PostNapisane: Śro lis 23, 2005 11:56
przez Magda@Moris
Mam do Was pytanie, bo to moja pierwsza taka znajdka. Gdy zaniosłam ją w niedziele do weta, to została tylko odrobaczona. Wet. powiedział, że szczepić od razu nie można, bo kot w stresie i będzie obniżona odporność (no i najpierw odrobaczenie). Że najlepiej w nowym domku, po jakimś tygodniu. Kicia jest w dobrej kondycji, zadbana i całkowicie zadomowiona w tymczasowym domu. Czy mam ją szczepić? kiedy? a kiedy może iść "pod nóż"? bo pewnie szczepiona i wysterylizowana łatwiej znajdzie chętnego. W tygodniu ma miejsce u koleżanki, na weekend do mnie, brat nie jest zły, zgodzi się... Ale do Świąt muszę jej kogoś znaleźć.

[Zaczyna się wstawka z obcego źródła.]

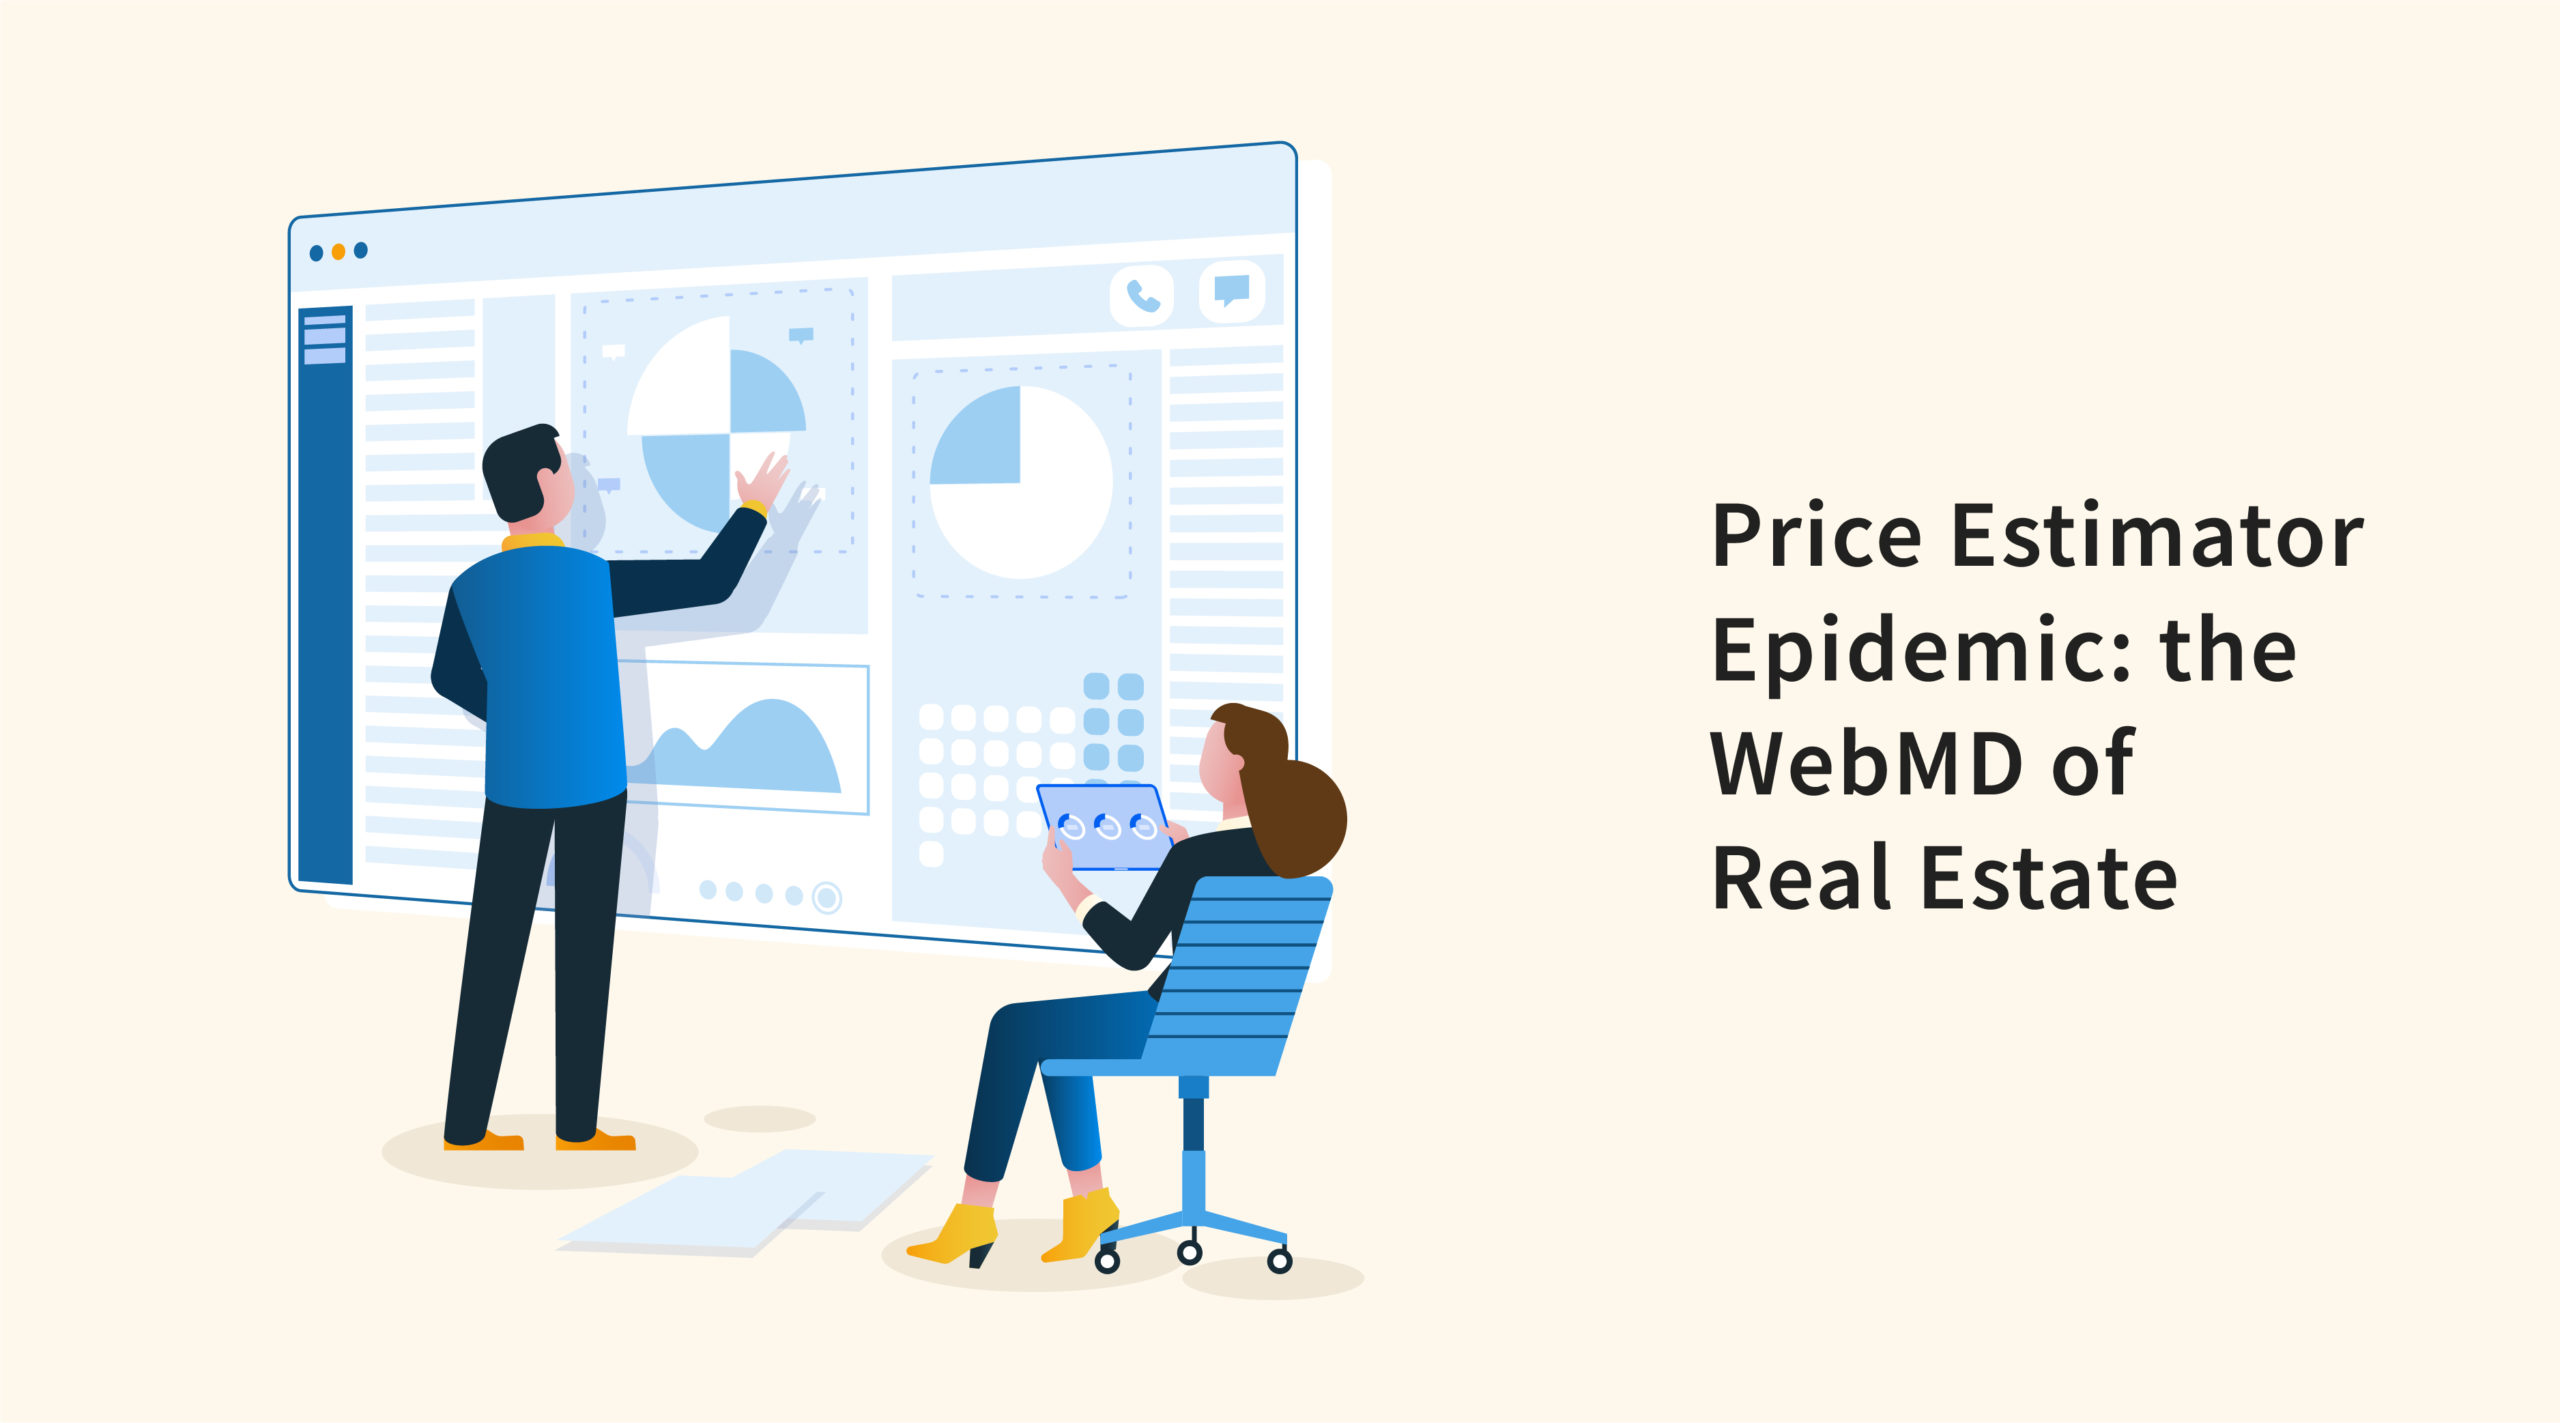 The Price Estimator Epidemic: the WebMD of Real Estate Featured Image
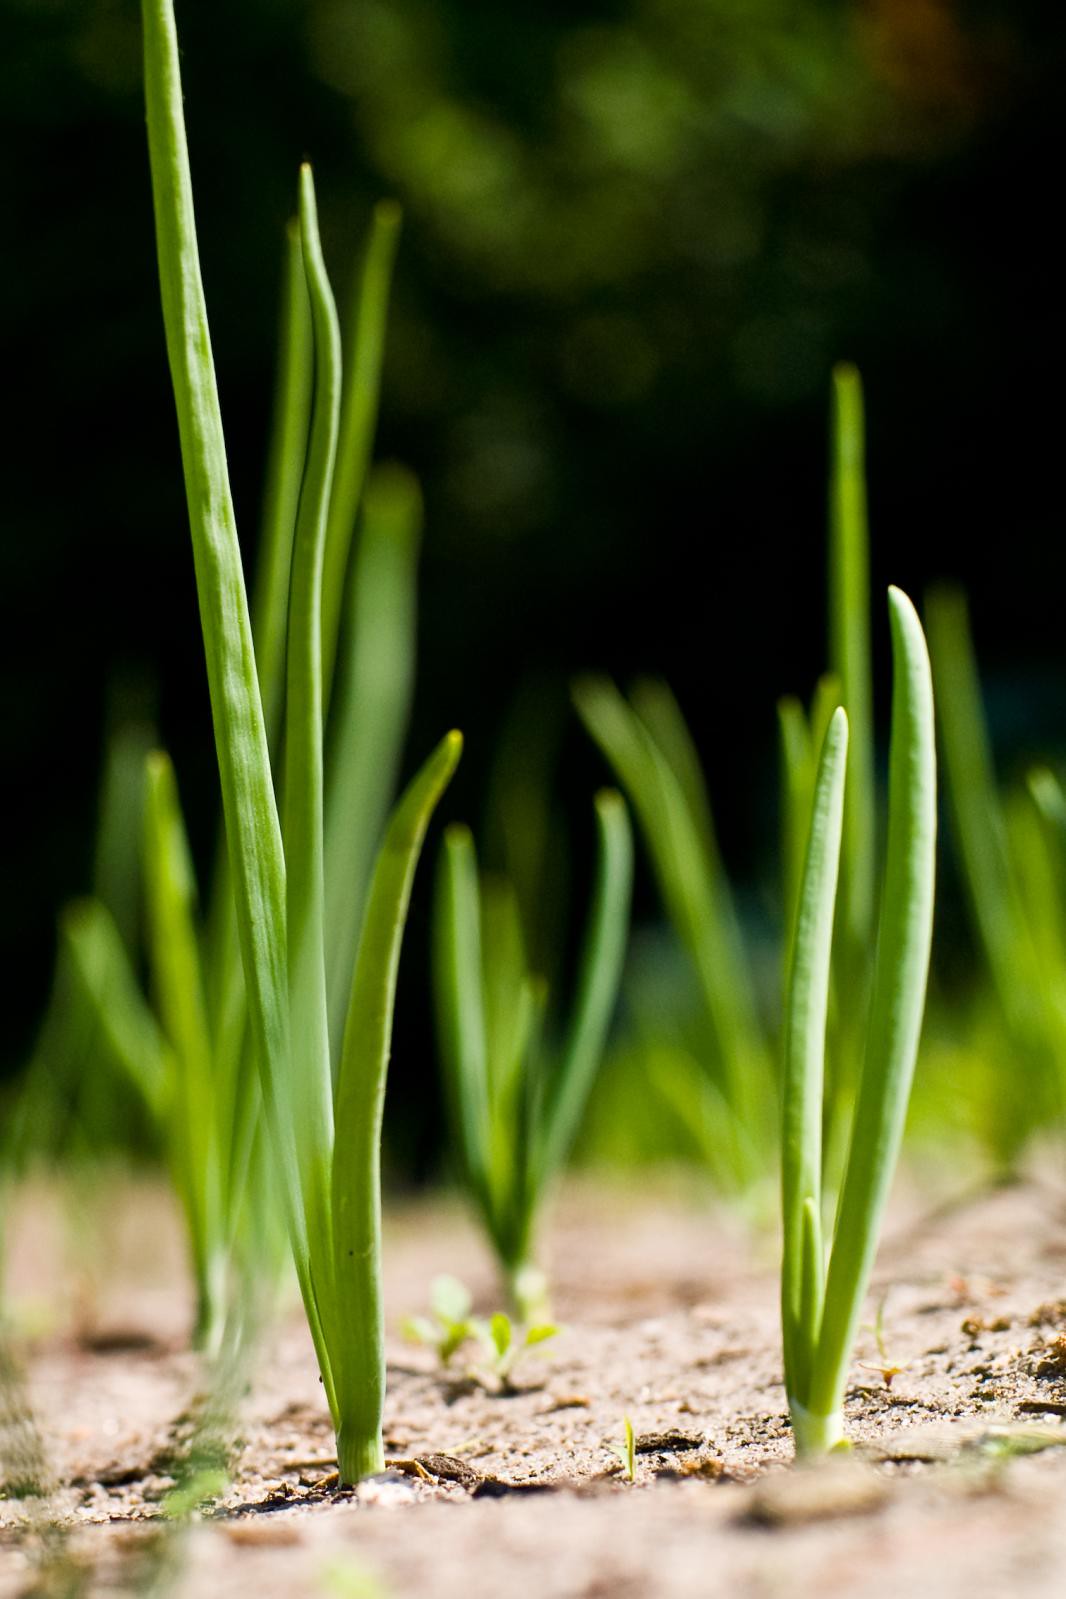 How to Grow Spring Onions

I jeszcze takie głupie pytanie - czy za wszystkie sterylizacje płacicie z własnej kieszeni?

PostNapisane: Śro lis 23, 2005 13:40
przez Mysza
Lekarz dobrze powiedział, najpier odrobaczenie i aklimatyzacja, potem szczepienia.
Ja odrobaczam 2 razy co 10 dni i po drugim oz odrobaczenia szczepię. Drugie szczepienie po 2-3 tygodniach. Dopiero po drugim kociak nabywa pełną odporność. Jednak zazwyczaj szybciej znajduje dom i szczepi lub doszczepia już nowy właściciel.
Sterylizacja najlepiej po szczepieniu.
A co do kosztów... Niektóre miasta, gminy maja fundusze na sterylizacje bezdomnych zwierząt. Niestety nawet tam gdzie były już się pokończyły- koniec roku.
Te które nie są bezdomne, i w tych miastach w których nie ma na to pieniędzy prosi się weta (nie każdy sie zgadza) na obniżenie kosztów zabiegów, szczepień, ze względu na to że to znajdka. Najlepiej jechac rozmawiać osobiście, nie przez telefon i rozmawiać z właścicielem kliniki.

I jak nie ma odzewu na ogłoszenie- zrób inne zdjęcie, napisz inny tekst i wysyłaj znów, znów rozklejaj wszędzie gdzie się da. To działa.